P40.05
Background: Understanding the precise mechanisms of HIV transmission across genital barriers is essential for studying vaccine development and inhibitory compounds. Previously, we illustrated that HIV can penetrate the intact female epithelium both ex vivo and in vivo, suggesting a diffusion mechanism for HIV entry; however, these studies were primarily focused on the lower female reproductive tract (FRT). We recently found that SIV based vectors can reach the ovary. The distance to transverse the uterus and fallopian tube of the upper FRT to reach the ovary is too far to reach by simple diffusion.
Methods: To investigate the possible role of cilia on the diffusion of HIV in the upper FRT, we examined the localization of cilia by staining for microtubules. Bundles of microtubules are present in the extended structure of individual cilia. To assess how ciliated epithelium might influence the movement of fluorescent beads and virus, we directly visualized the dynamics of fluorescent particles using time-lapse imaging.

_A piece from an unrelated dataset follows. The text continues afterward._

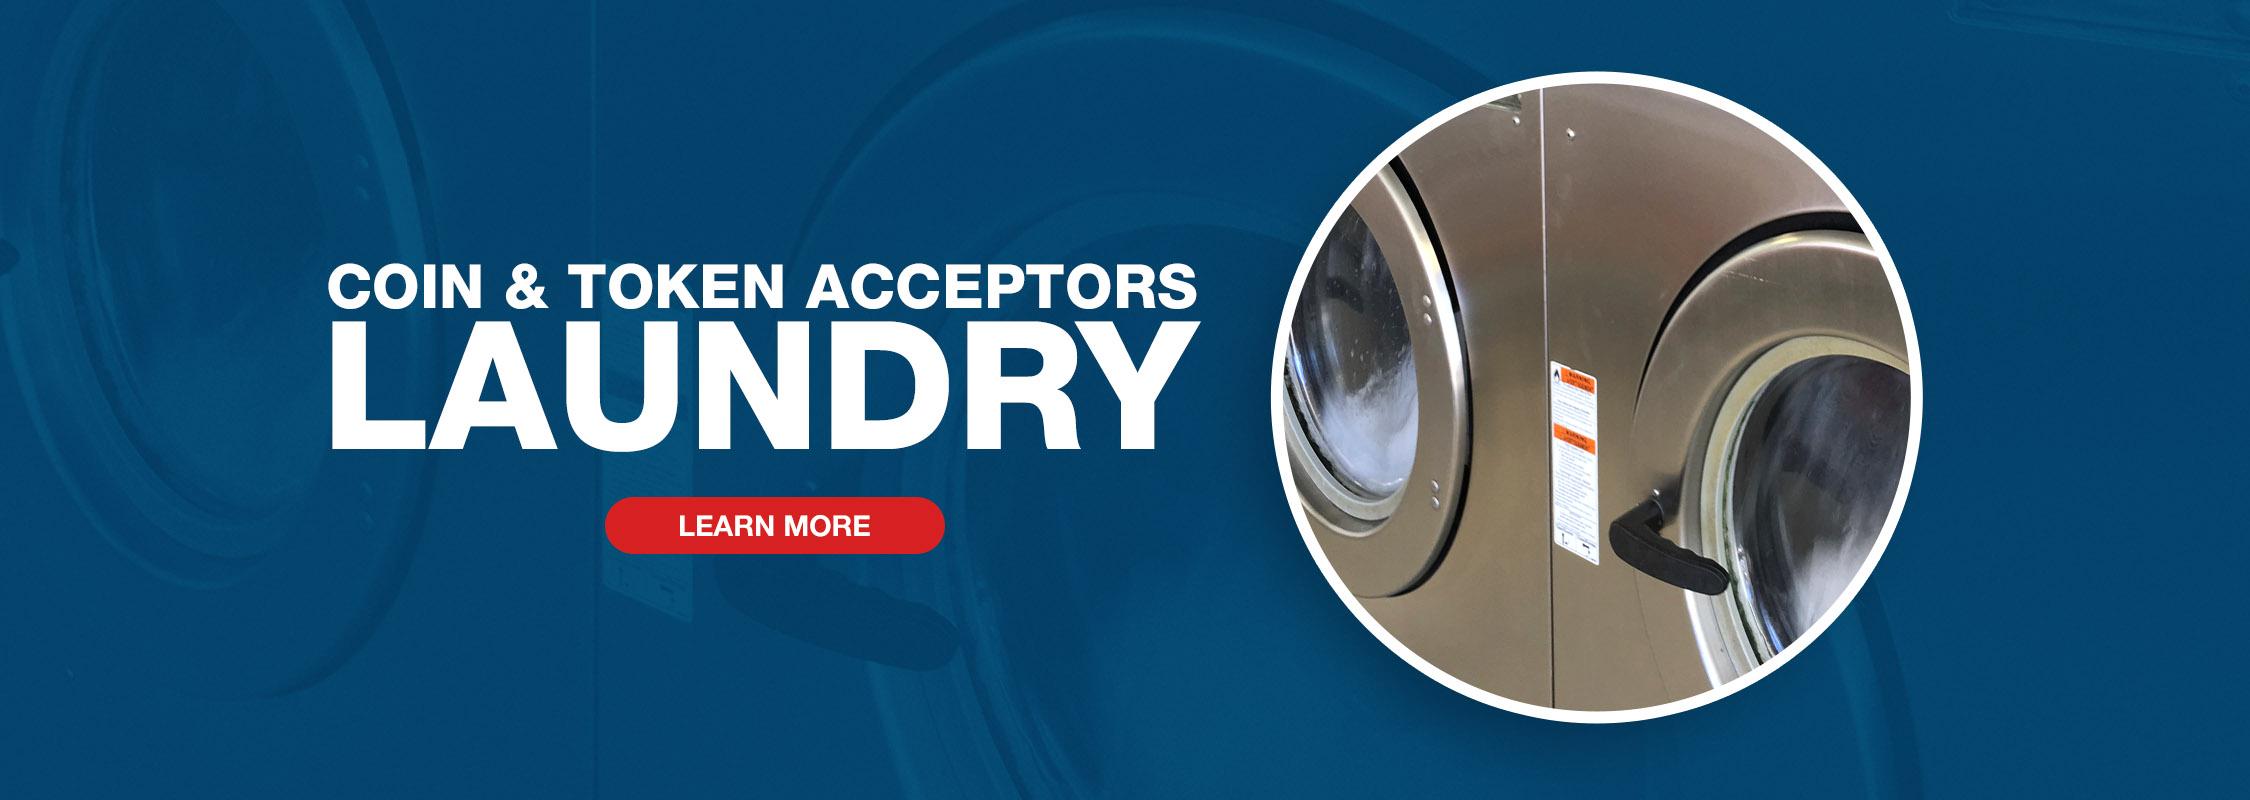 Imonex Coin & Token Acceptors - Laundry Image
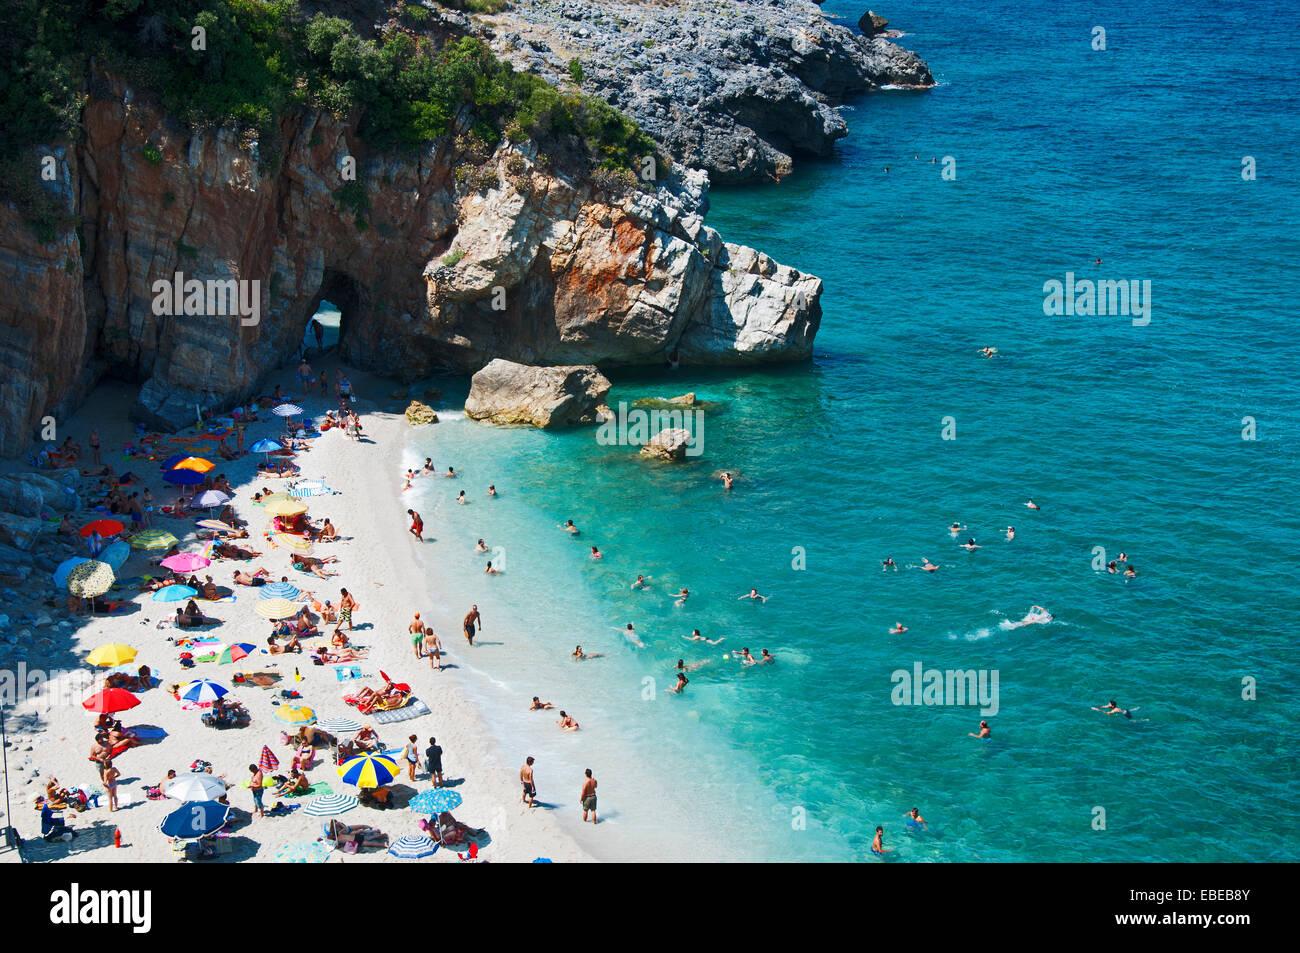 Busy beach of Milopotamos on Pelion Peninsula, Thessaly, Greece - Stock Image

Results: We find that the movement of cilia has a significant influence on the diffusion of virus and nanoparticles. First, the beating of the cilia accelerates and alters the diffusion of particles by causing convection currents in the regions adjacent to the ciliated epithelia. Second, the beating of the cilia pushes the particles away from the ciliated epithelium, essentially preventing particles from interacting directly with the underlying epithelial barrier.
Conclusions: These data reveal that the ciliated epithelium of the upper FRT provides protection from potential contacting particles. It seems likely that this action also drives an acceleration of the diffusion of the particles. The net effect of the lack of binding to the tissue and acceleration drives particles to traverse the long distance to the ovary. These data suggest that the anatomy of the FRT, combined with the action of cilia, must be taken into account to achieve complete protection by inhibitory modalities.